Глава 17 Фантом на фото

До конца ведь так не понял, не принял ее волю, и злился, что уж там. Взяла и умерла. Упрямая. Она всегда была упрямой. Он прекрасно умел пользоваться этим миром в одиночестве, без нее, или замещая ее другими. Одиночество — не противоположность общительности, а противоположность стадности. Но чего-то недоставало. Резкого словца в эфире. Возможности знать, что она жива. Да элементарного посыла, в конце концов! Просто она была — какая есть. А потом ее не стало — его руками. Что бесило при жизни больше всего? Она считала, что он ее любит, только не сознается, что он — ее. А на него не надо претендовать, он сам решит, с кем и когда быть. Может быть. Что бесило сейчас?

Да что она была права!

Нет, он не горевал.

Он ни разу не был на могиле после похорон. Помимо прочего, аккуратный белый камень назойливо тыкал в глаза реальностью — ее больше нет. А без камня Грушецкому как-то удавалось это в себе отрицать. А в соцсетях она его еще когда забанила, так что никакой разницы, что они не обновляются, цифрового следа больше не уловить. Можно думать, что она до сих пор есть, есть где-то там. Просто далеко.

Я тоскую по себе, какой я с тобой. Очень тоскую, дарлинг. Дискомфортно, как руку отсекли. Потянешься взять часть жизни, подробность какую-нибудь — а нечем. Он довольно давно перестал горевать в привычном смысле. Положим, у него и не было такой возможности. Но некому было сказать: я соскучился, дарлинг. И вот это щемило.

Ее как бы не было. Но она как бы была. Гребаная дуальность. Он никогда не умел вовремя ставить точку — то слишком поздно, то слишком рано. Раны и оставались. Иногда такие, как эта — сквозные, сквозь него самого и время. Оно не лечило, нет.

Со временем и вообще становишься со временем приятелем, собутыльником. Никуда не торопишься, раз встретились, не торопишь его. Остаешься в моменте, сколько хватает дыхания, потом и всплываешь.

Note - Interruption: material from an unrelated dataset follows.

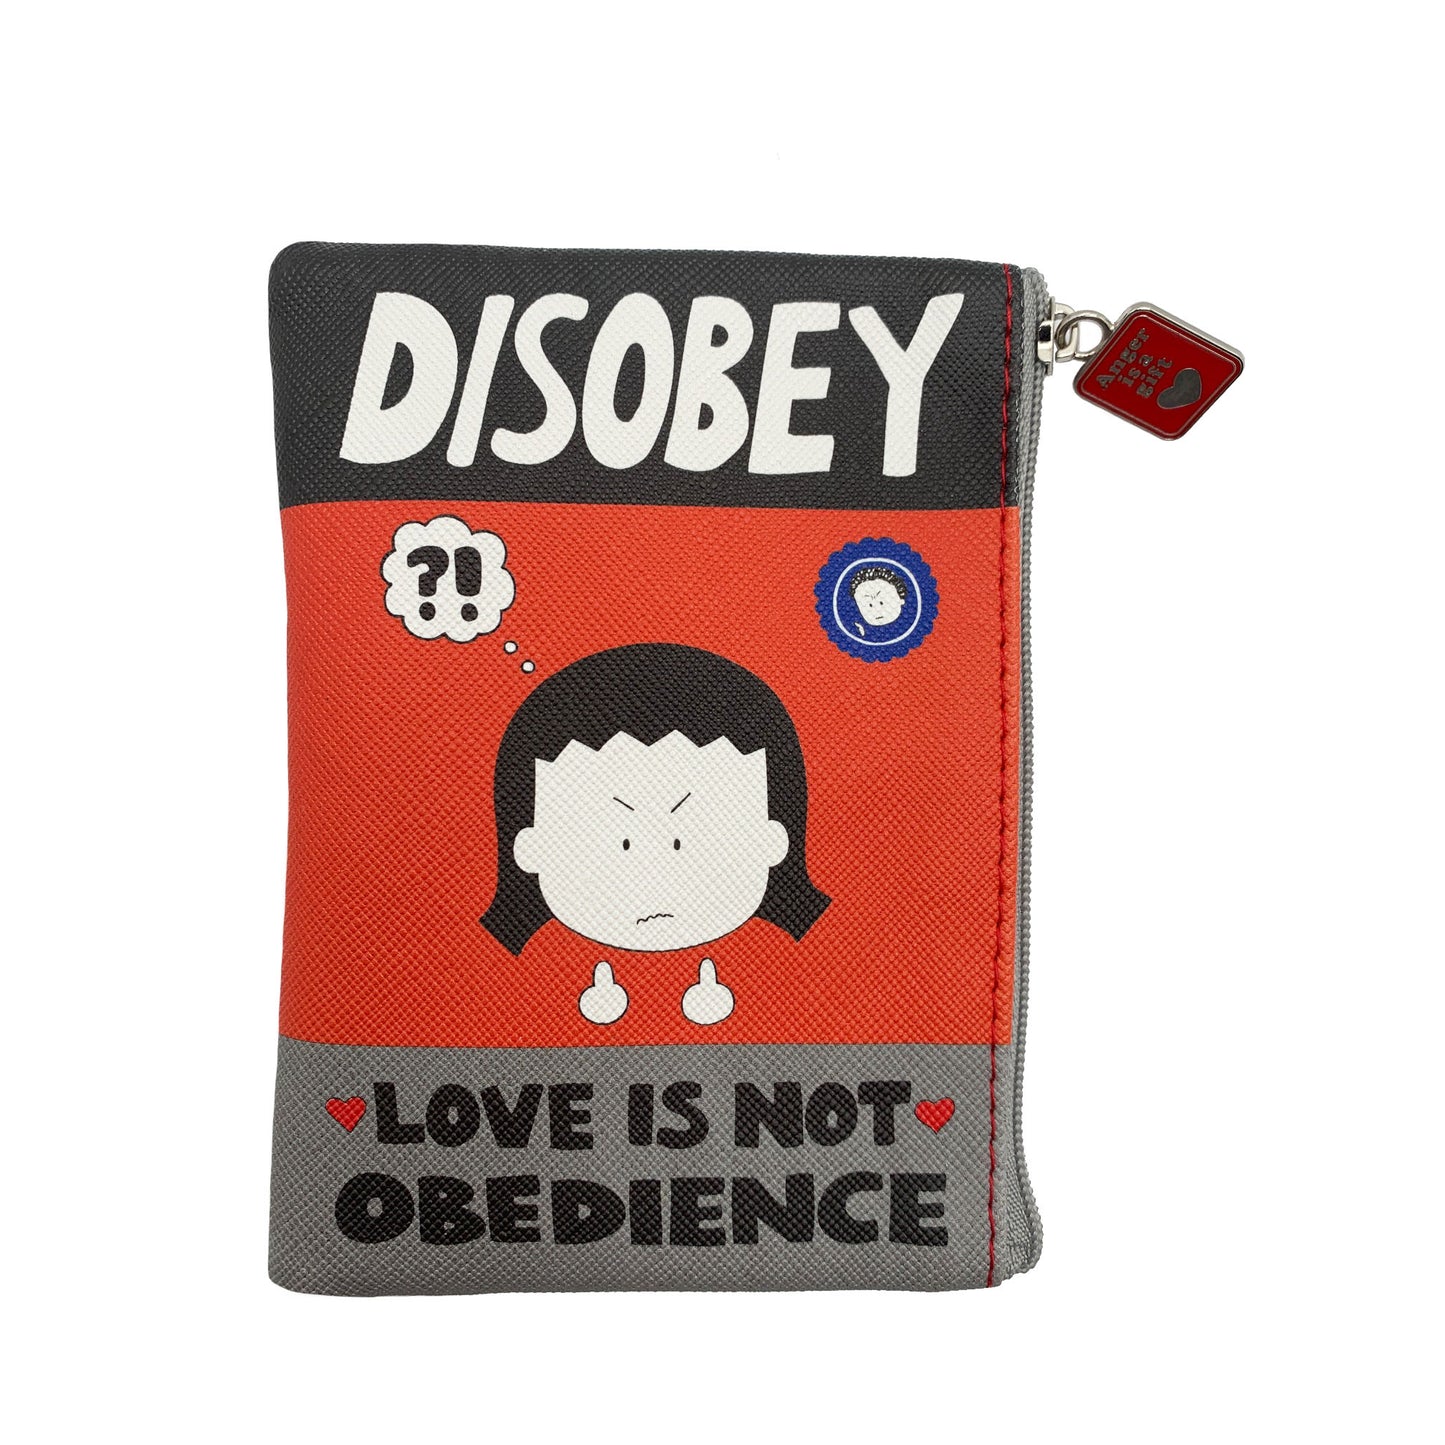 "Disobey Love is Not Obedience" coin bag

Потом, потом… иногда ему казалось, что кислород уже заканчивается, пора.

Но оно всё продолжалось.

Если что-то уже было в жизни, и чего-то не стало, если кто-то был… на этом месте образуется дыра, пробоина диаметром в километр, как ты это ни называй, возрастом или опытом — опять обо все это споткнешься. Умный человек предпочтет не заглядывать в Марианскую впадину. А Грушецкий был не дурак.

Бразилия была пройдена за две недели, с уважением к тому, что ранее в латинской Америке не бывал. Суринам, Гайана, Венесуэла… и за ней запланированная стоянка на якоре — перевести дух и толком зайти в сеть, позвонить матери и Анельке. Тринидад, тот самый «материк» Робинзона Крузо, открытый в третьем плаванье Колумба самим доном адмиралом Индий. Грушецкий думал, после белого песка Копакабаны ничто не сможет удивить его открыточностью, но острову удалось. Копакабаны оказалось слишком много, а Порт-оф-Спейн — в самый раз. Но там, между землей и небом, между морем и морем, внезапно затосковал люто, как не случалось прежде никогда.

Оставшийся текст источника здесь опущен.